In my last article, I laid out the key values you get from running systems in containers. Go and have a read if you want a refresher on that. This time, I’m going to talk more about my experiences running container workloads on Windows. The good. The bad. And the ugly (yes, I really went there. Sorry).
Let’s start with the headline shall we before digging into some of the detail? Yes, you can absolutely run your Windows application workloads within containers AND take advantage of all those benefits of containerisation BUT containers on Windows just isn’t as mature as running containers on Linux and there’s far less documentation and guidance around. Just expect to do more experimentation, debugging and tweaking of settings. I’d also discourage starting your container journey from scratch purely on Windows. It is possible, but understanding all the concepts from a Linux perspective and then transitioning to Windows is a lot easier. Yes, this does mean that you’ll need to spend some time getting your Linux admin skills up to date, but it’s all useful knowledge.

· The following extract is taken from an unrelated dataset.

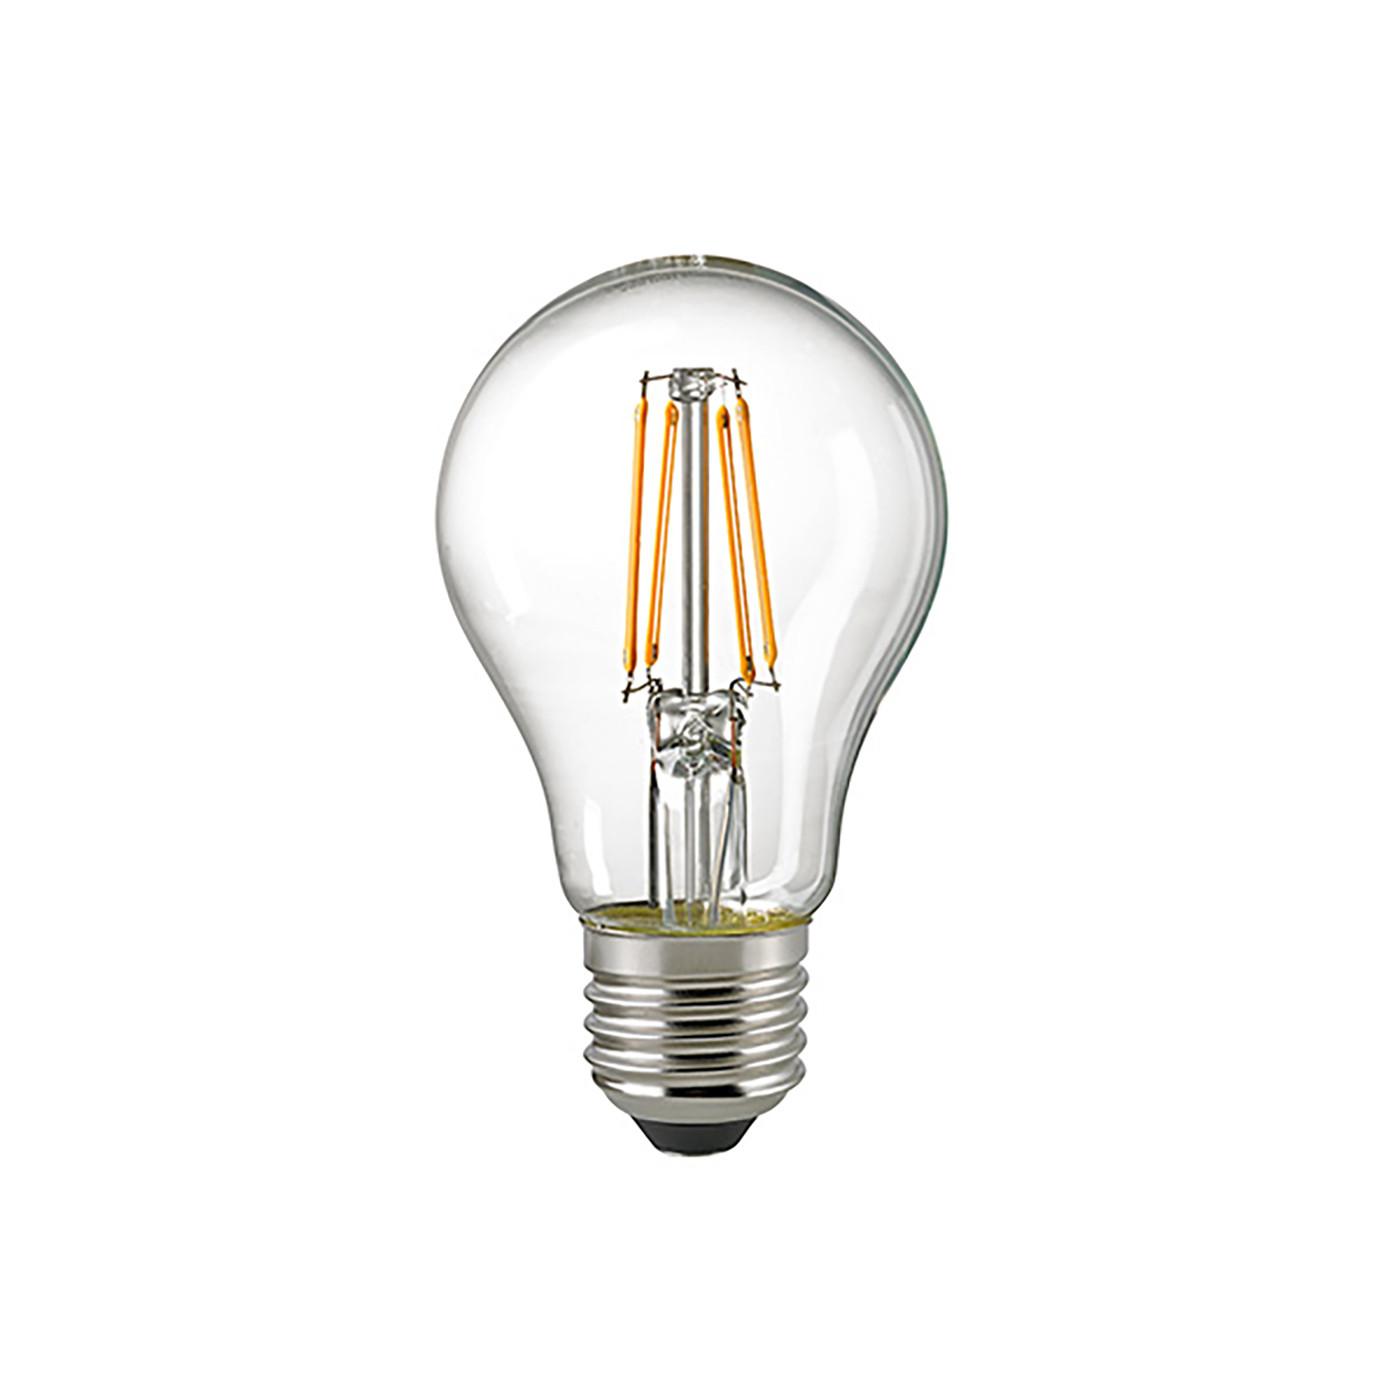 Sigor LED filament bulb shaped A67 10W 2700K 230V E27 clear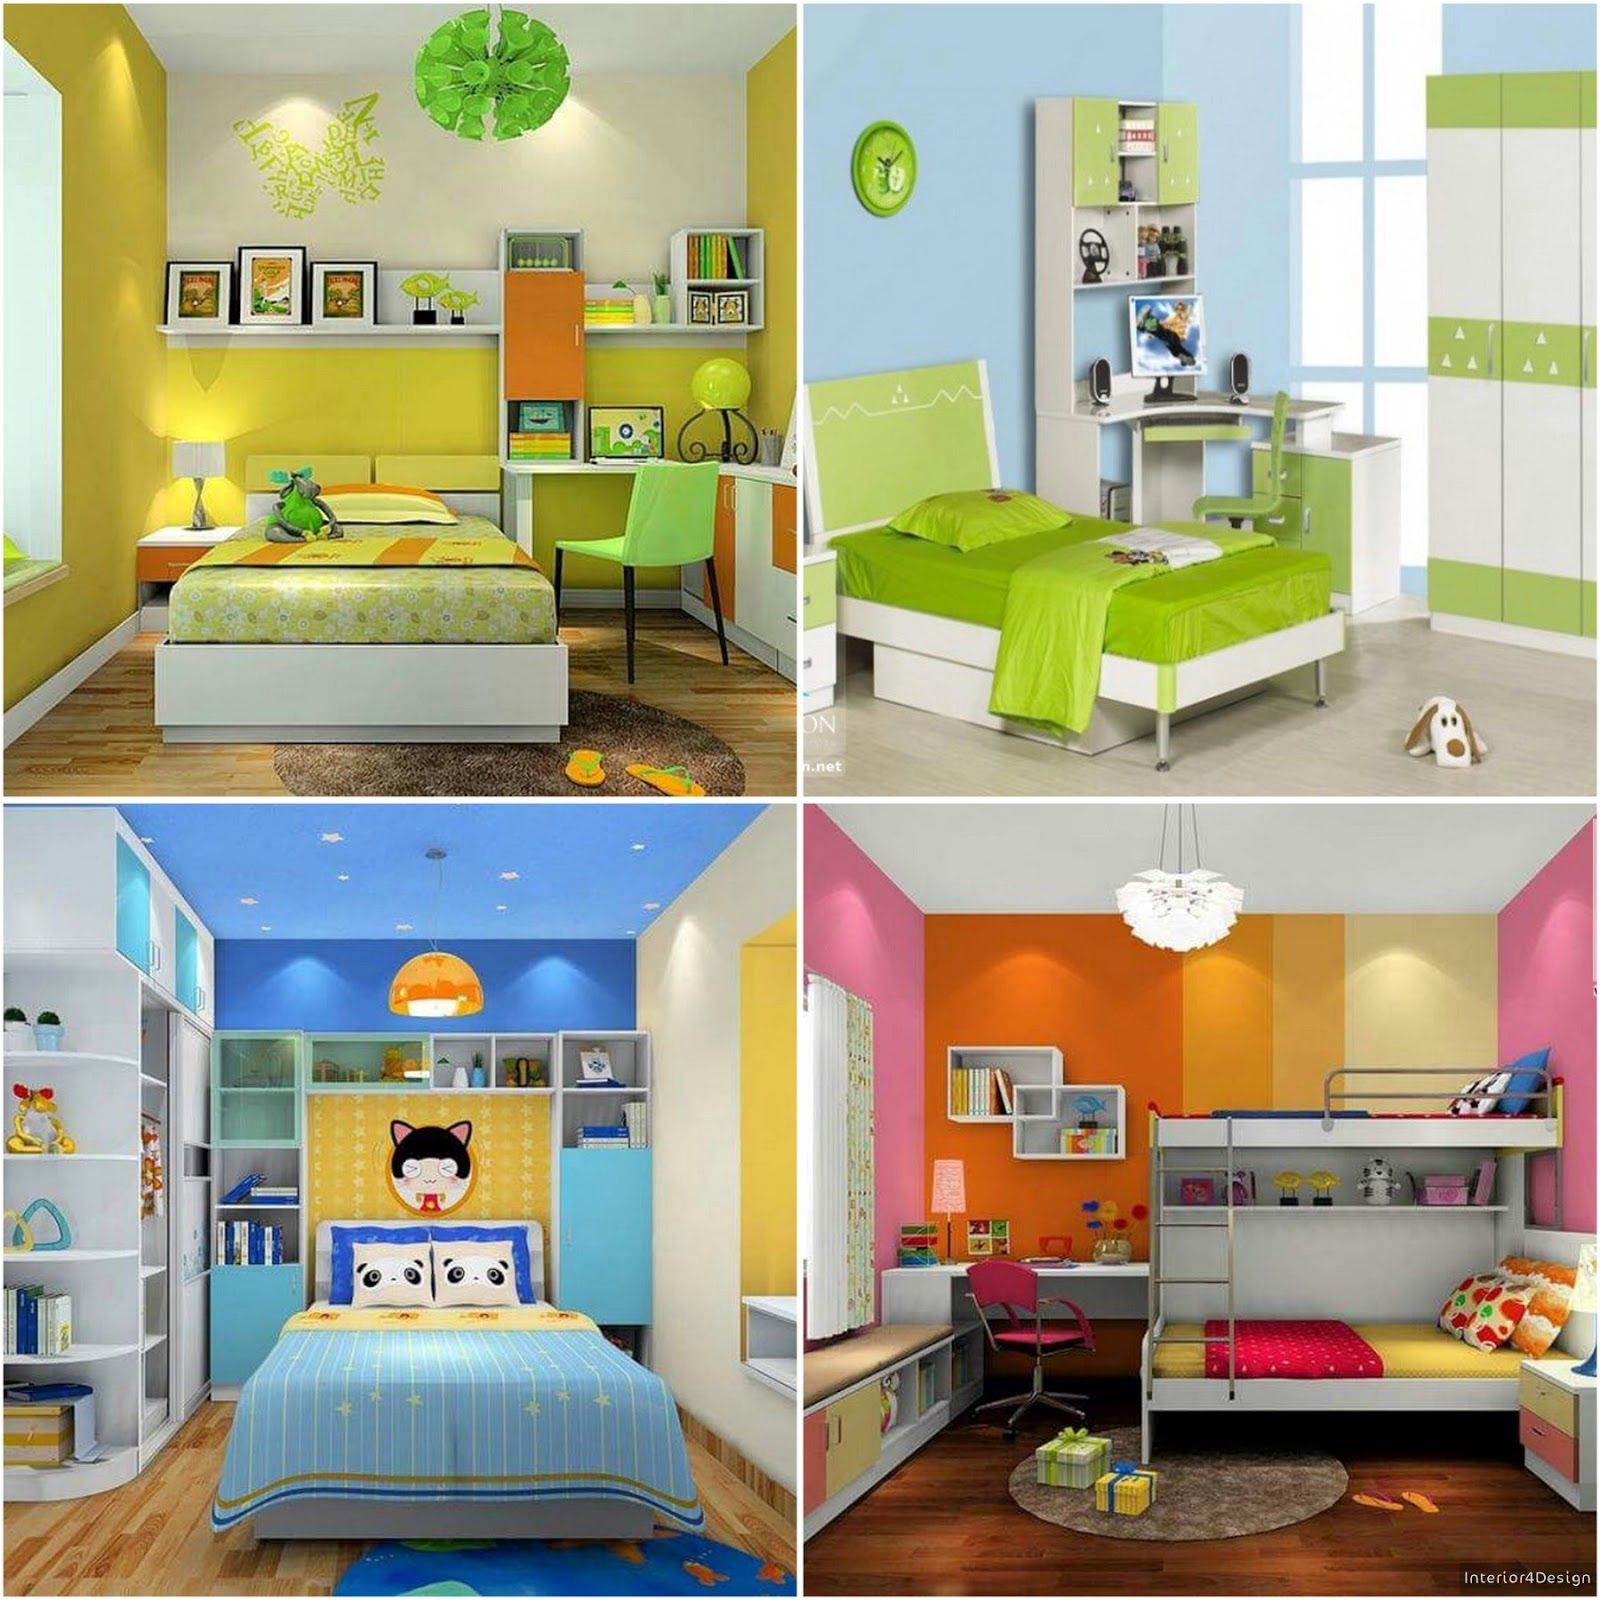 Latest Design Of Kids Room 2019 - Alphahabit.store • Alphahabit.store

So, I’ve set your expectations necessarily low? Great! Let’s begin.
The easiest way to get started with containers on Windows, setting up a test or development environment, is to install Docker Desktop[1]. Be clear that the licensing terms work for your situation, but this is the simplest way forward.
Docker Desktop comes with everything you’ll need to get going on a Windows computer, covering both Linux and Windows workloads. So you don’t need a separate virtual machine if you’re only interested in Linux containers. Docker Desktop also comes with the option of a Kubernetes install[2], but don’t worry about that for now. The installer will sort out all the configuration for you, so it’s a great way to get an environment up and running quickly for trying things out.
If you’re looking to run containers on a Windows Server, and for production usage, you’re not going to be using Docker Desktop. I’m sure that you weren’t thinking about that, but seriously, don’t do it. Don’t even think about it. For Windows servers, you can install the Docker engine and client tools from the available binaries download here (https://docs.docker.com/engine/install/binaries/#install-server-and-client-binaries-on-windows) Originally, I used the PowerShell instructions still available on the internet, but taking the ‘binaries’ approach really is pretty easy and it makes it really easy to upgrade to newer versions[3].
All done? Great, let’s start running Windows containers. With each install, and that includes server installs, I like to do the traditional Hello World of Docker and run the following, making sure that you have Windows container enabled in Docker Desktop:
docker run hello-world
That works for both Linux and Windows and just makes sure everything is working correctly. It’ll make sure that the Docker client is in your system path and that you’ve got the necessary permissions to run it.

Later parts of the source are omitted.